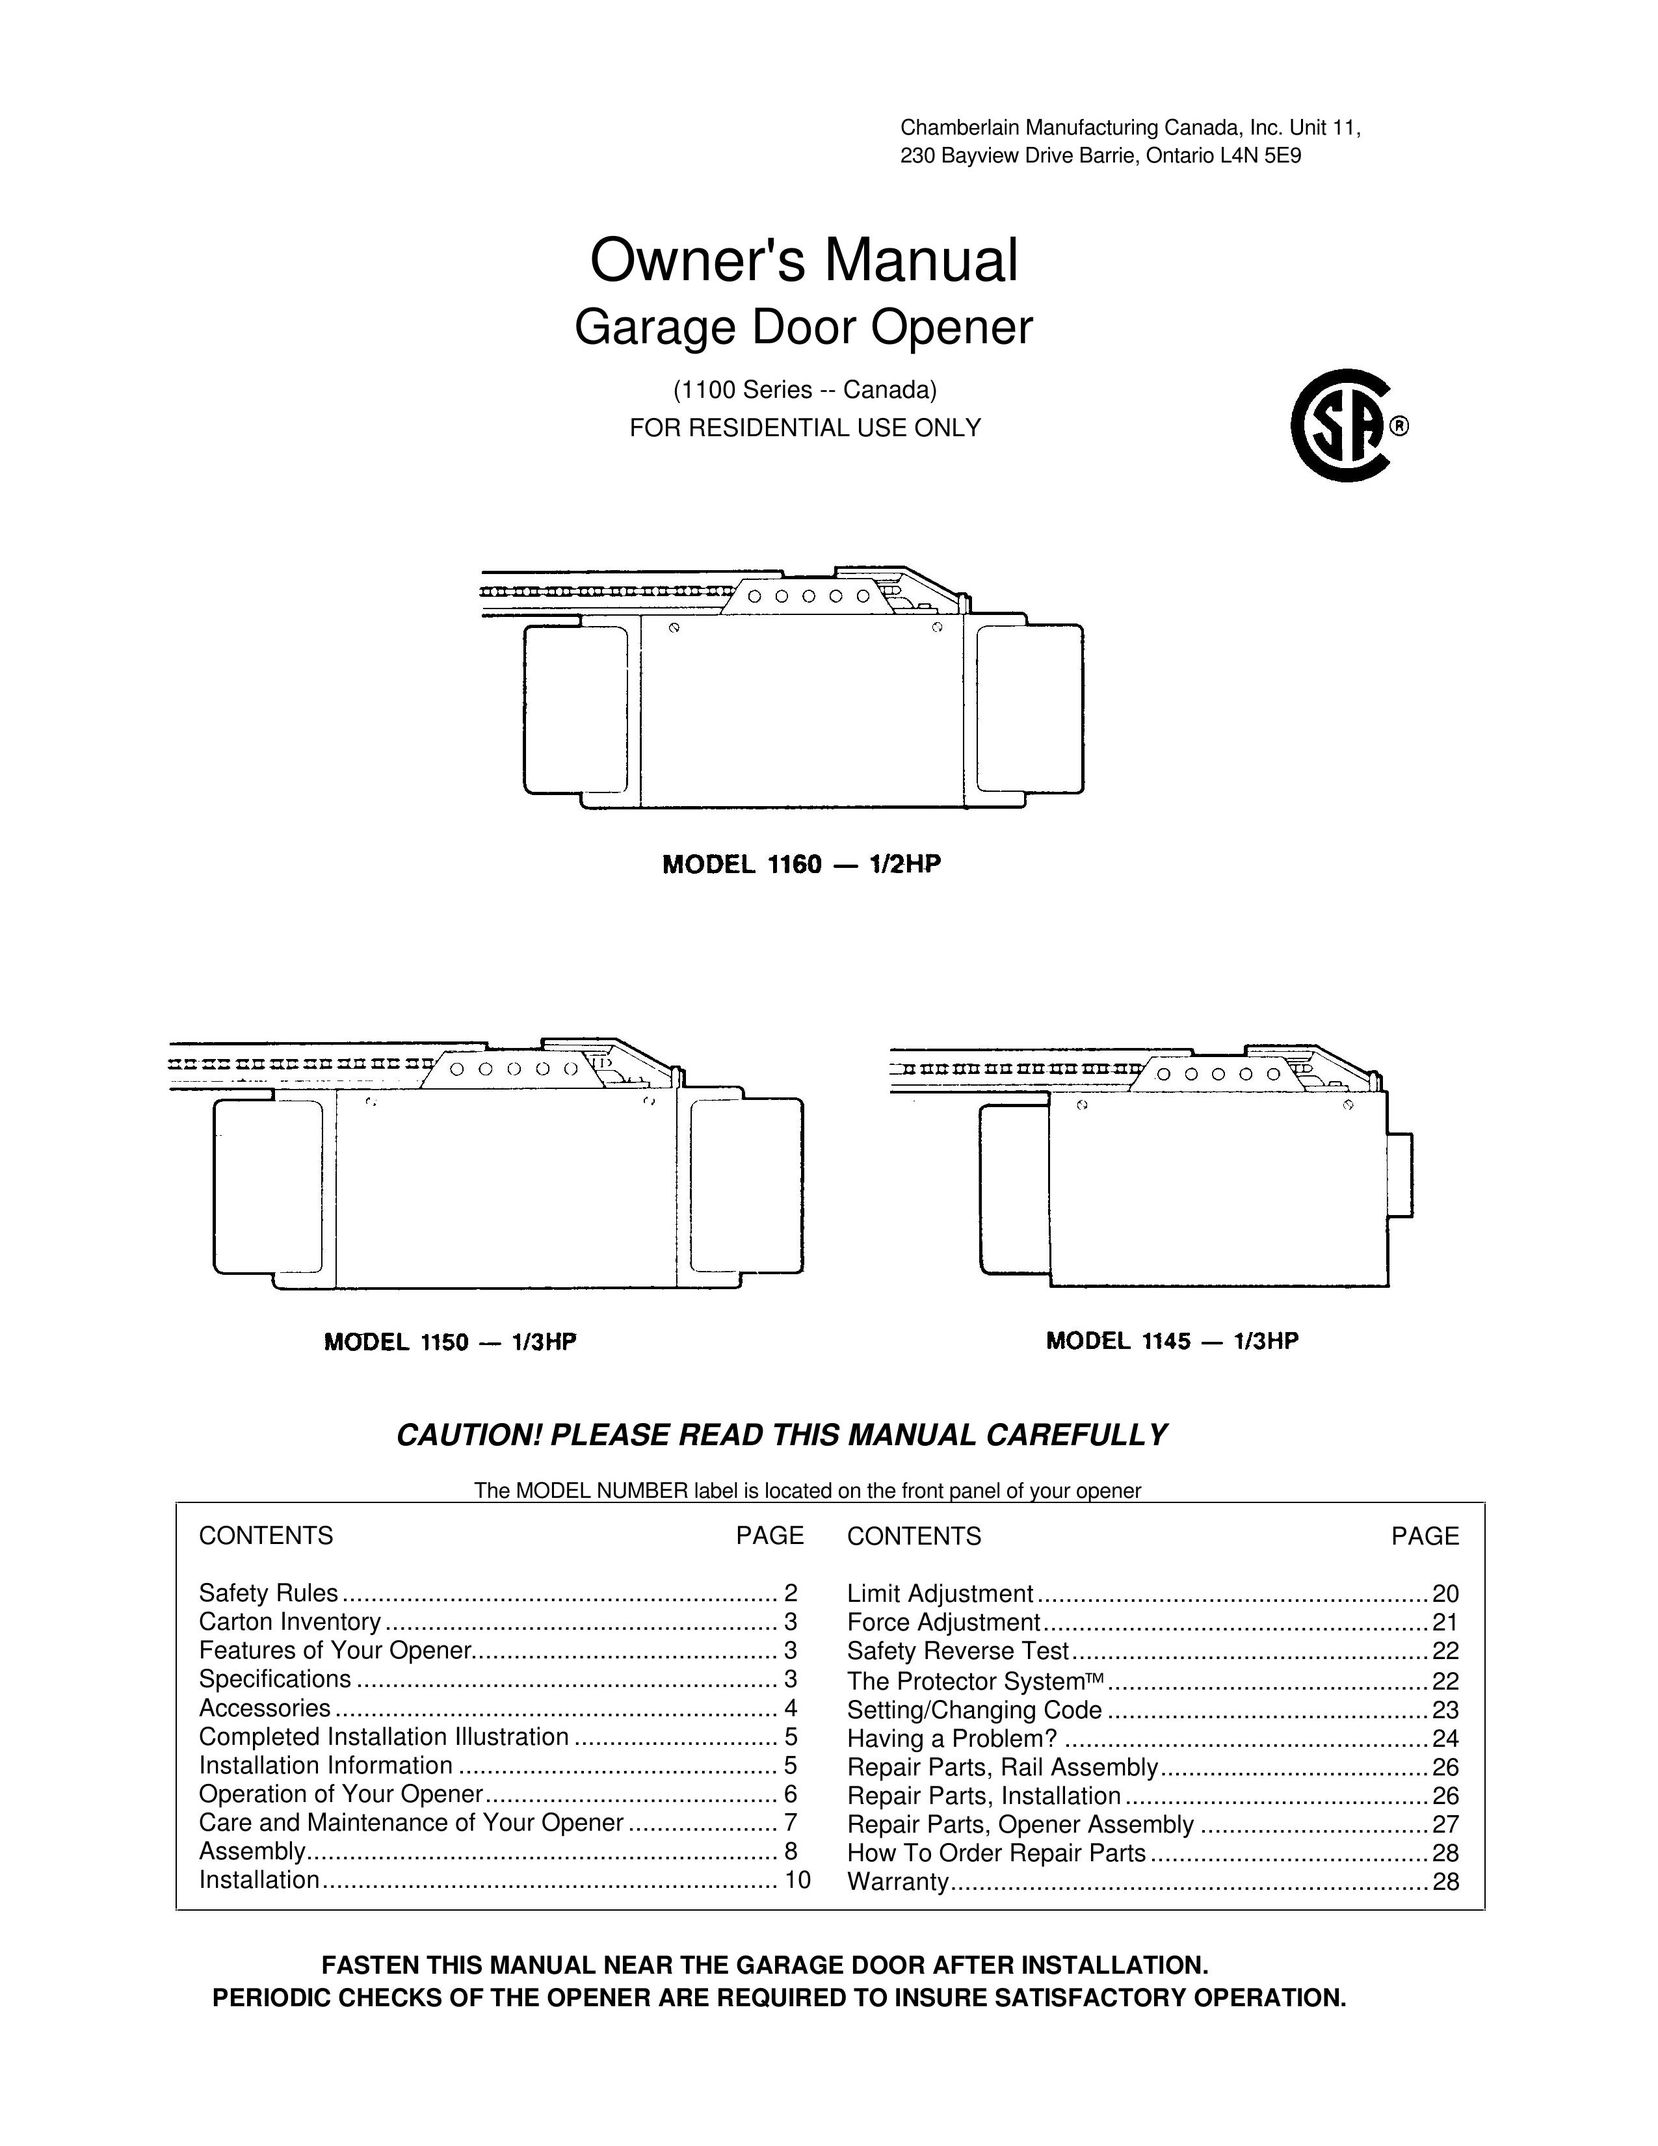 Chamberlain 1160-1/2HP Garage Door Opener User Manual
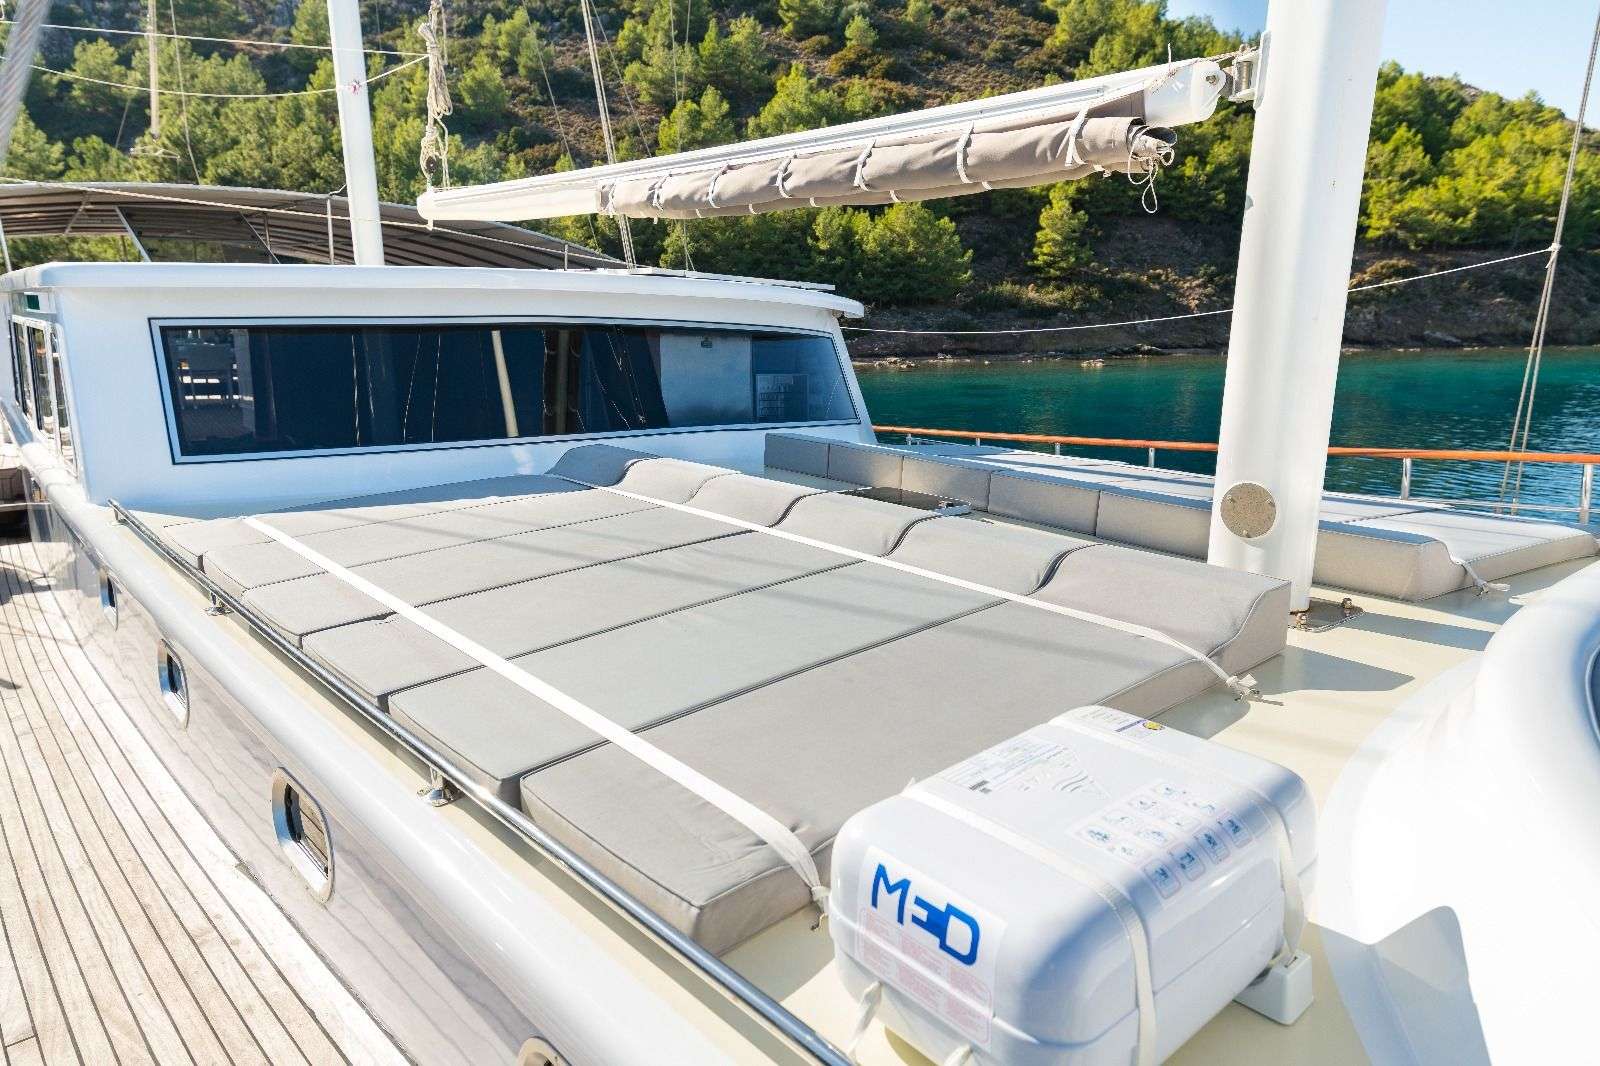 koray ege - Superyacht charter worldwide & Boat hire in Greece & Turkey 3
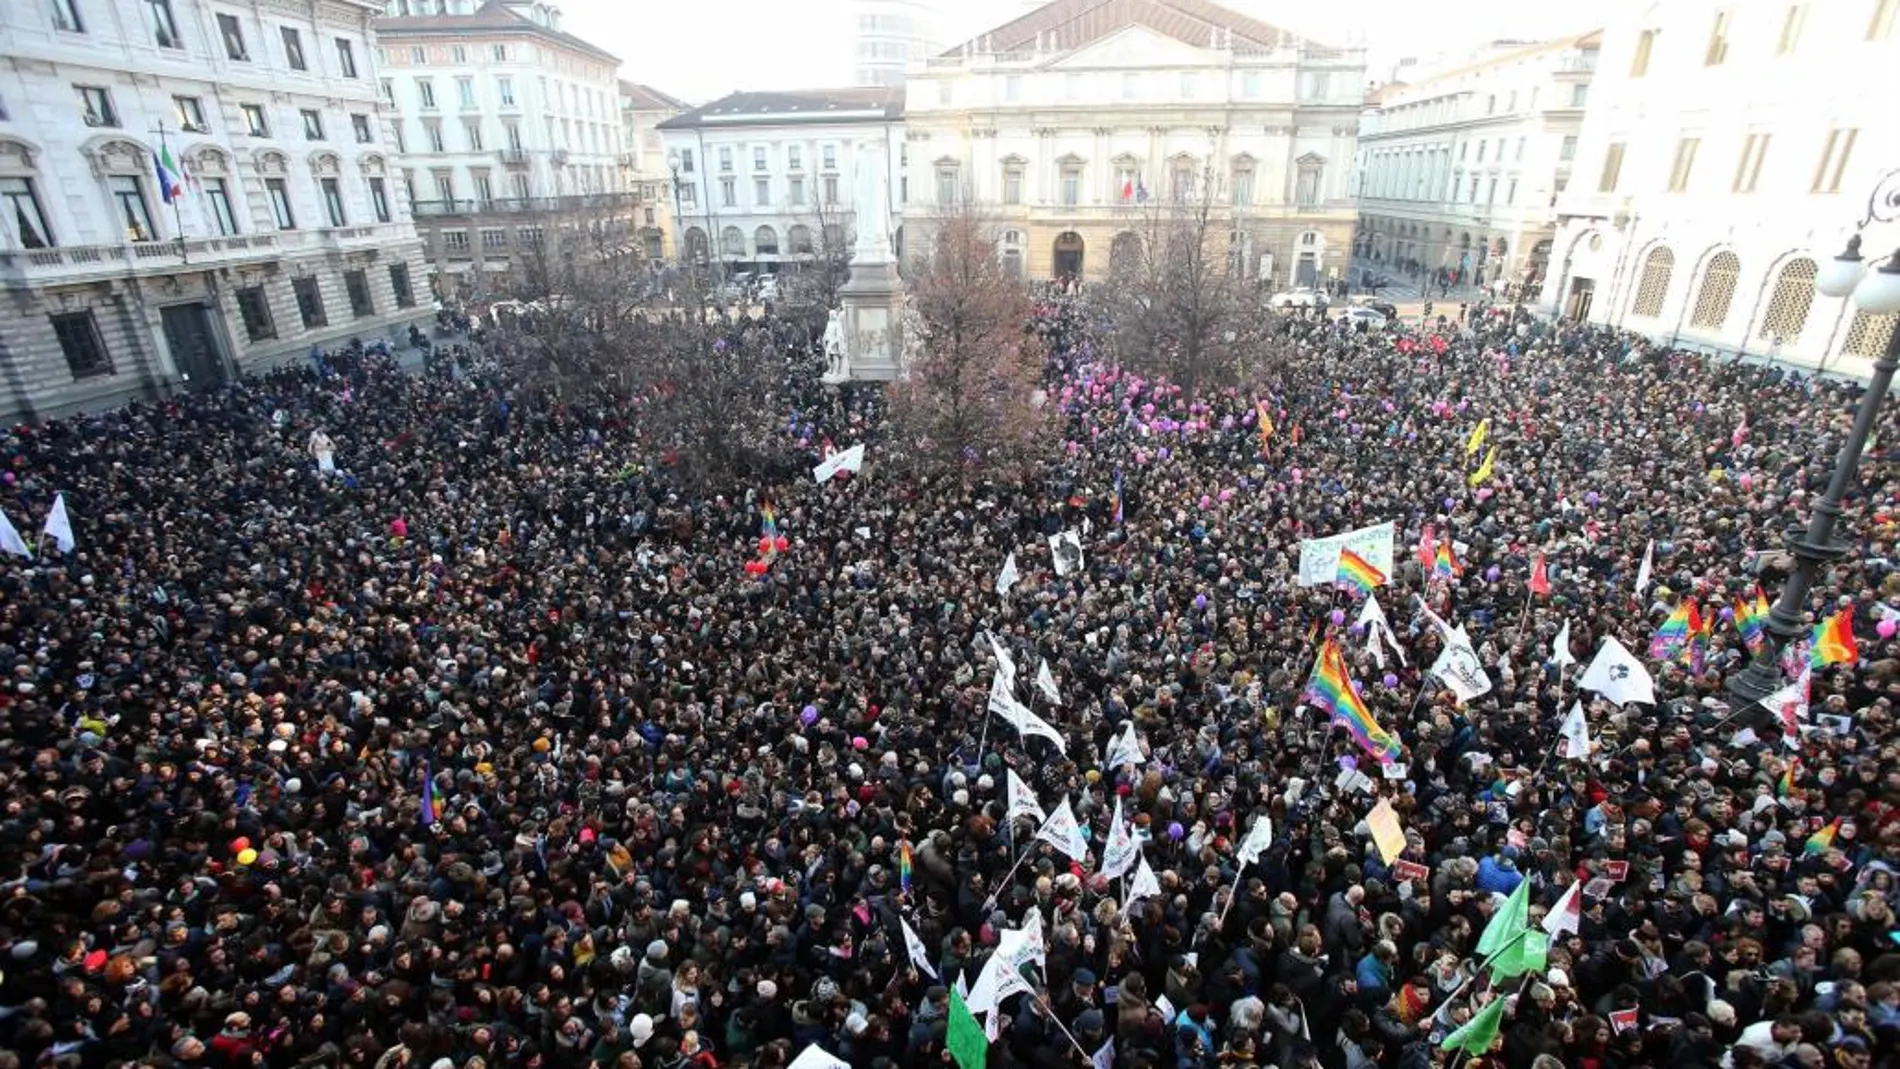 La plazade la Scala de Milán protagonizó la marcha en esta ciudad.

━━━━

WORK TO BE COMPLETED - Please write out every line of the listing above exactly, and leave the images behind.

ANSWER SPACE -
 Chamberlain 1160-1/2HP Garage Door Opener User Manual
 koray ege - Superyacht charter worldwide & Boat hire in Greece & Turkey 3
 La plazade la Scala de Milán protagonizó la marcha en esta ciudad.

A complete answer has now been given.